Hospitalizations for eating disorder increased during pandemic
Shortly after the pandemic began, Kelly Allison started hearing more and more professional chatter about a worrying increase in hospitalizations for eating disorders. “It was a big topic of conversation,” says Allison, who runs Penn’s Center for Weight and Eating Disorders. The media had also begun reporting on this trend.
Around the same time, a group of researchers from Penn Medicine’s Center for Health Care Innovation (CHCI), the Leonard Davis Institute, and the research arm of United Health Group had begun trying to answer questions about health care utilization during the pandemic. “We were really looking for ways in which care patterns were changing,” says David Asch, CHCI executive director.
The number of eating-disorders admissions stood out, so the research team asked Allison for help in interpreting and contextualizing the data.
They had stumbled upon something significant: From January 2018 to December 2020, these hospitalizations had doubled nationally, predominantly for anorexia and bulimia, and the length of stay had also increased by about 50%, from eight days, on average, to 12. Yet the same metrics for other common behavioral health conditions—depression, alcohol use, opioid use disorder—hadn’t budged.
The findings, published in JAMA Network Open in November, point to a trend that started just weeks after COVID-19 appeared in the United States and has shown little sign of slowing. The researchers can’t definitively explain why yet, though they surmise it’s a combination of factors, including the toll the pandemic has taken on mental health, an outsized focus on weight gain in parallel with constantly viewing ourselves on video calls, and even symptoms of COVID-19 itself.
They also don’t know how the pandemic will affect this patient population and these ailments for the long run. “This pandemic era is going to have some long-term impacts on the course of disease and the course of weight over the lifespan,” Allison says. “What that does for eating disorders? We just don’t know.”
Mental stressors
Rebecka Peebles has seen the findings Allison and Asch published play out in real time at the Children’s Hospital of Philadelphia, where she is a member of the leadership team for the Eating Disorder Assessment and Treatment Program.
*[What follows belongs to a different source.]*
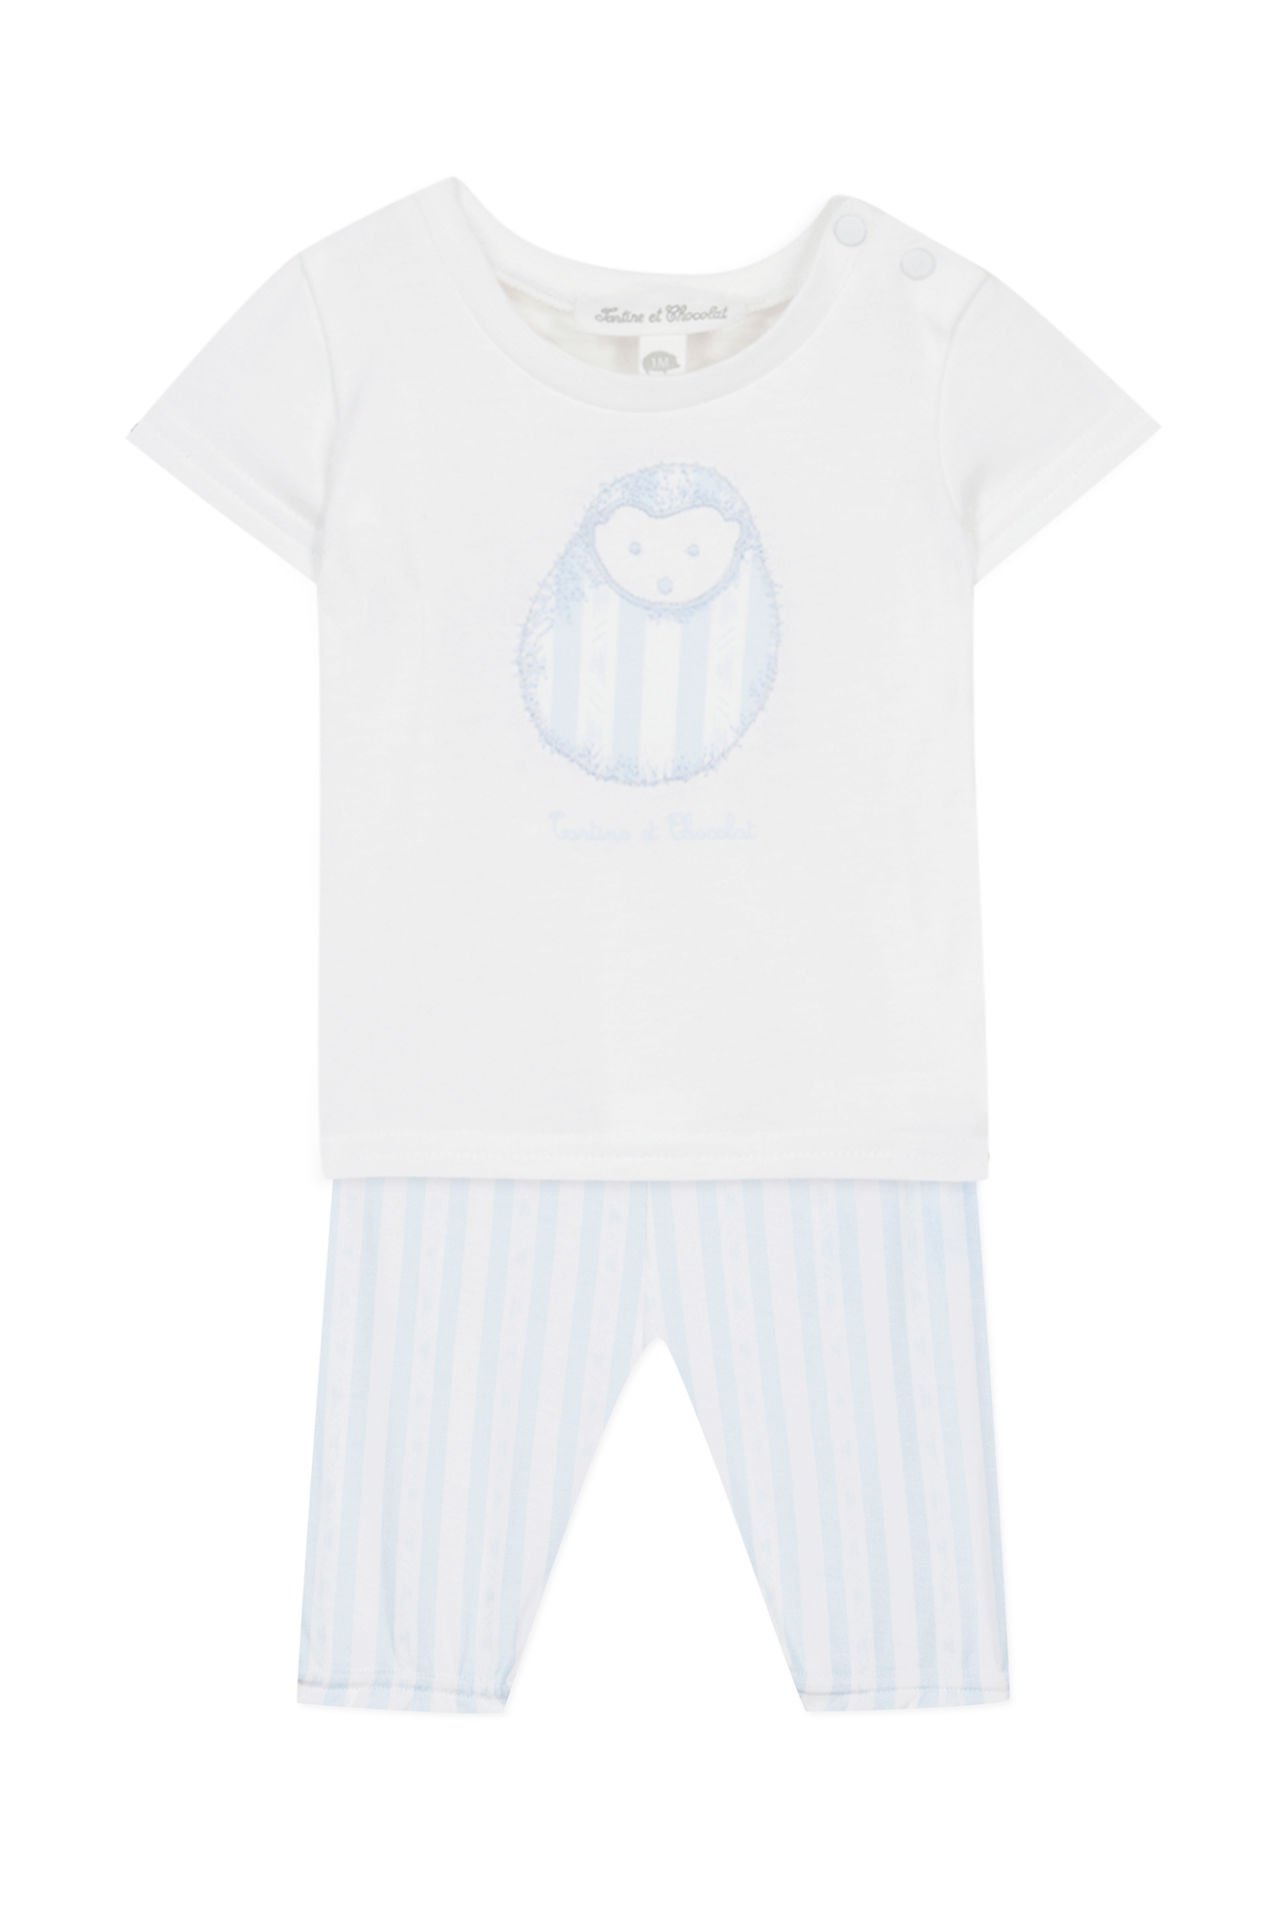 Erkek Bebek T-Shirt + Pantalon Set

Pre-pandemic, the inpatient census ranged from 12 to 20; now it’s more like 18 to 28, she says. “We see more than 500 new patients a year,” she says. “We don’t have our statistics in for this past year, but it wouldn’t surprise me if it’s even higher. We certainly have experienced an increase in patient volume.”
One likely reason points to stress, which can trigger eating disorder behavior, according to the School of Nursing’s Ariana Chao. “During the pandemic, having a lack of routine and structure primed us in terms of our behaviors around food.” Additionally, she says, every video call offered another opportunity for people to stare at themselves.
Social media—and the unrealistic expectations they set—likely didn’t help, Allison says. “There was lots of talk all over social media and in the media itself about everyone gaining weight because we were all sitting at home. When someone has an eating disorder, talking about weight can be very triggering.”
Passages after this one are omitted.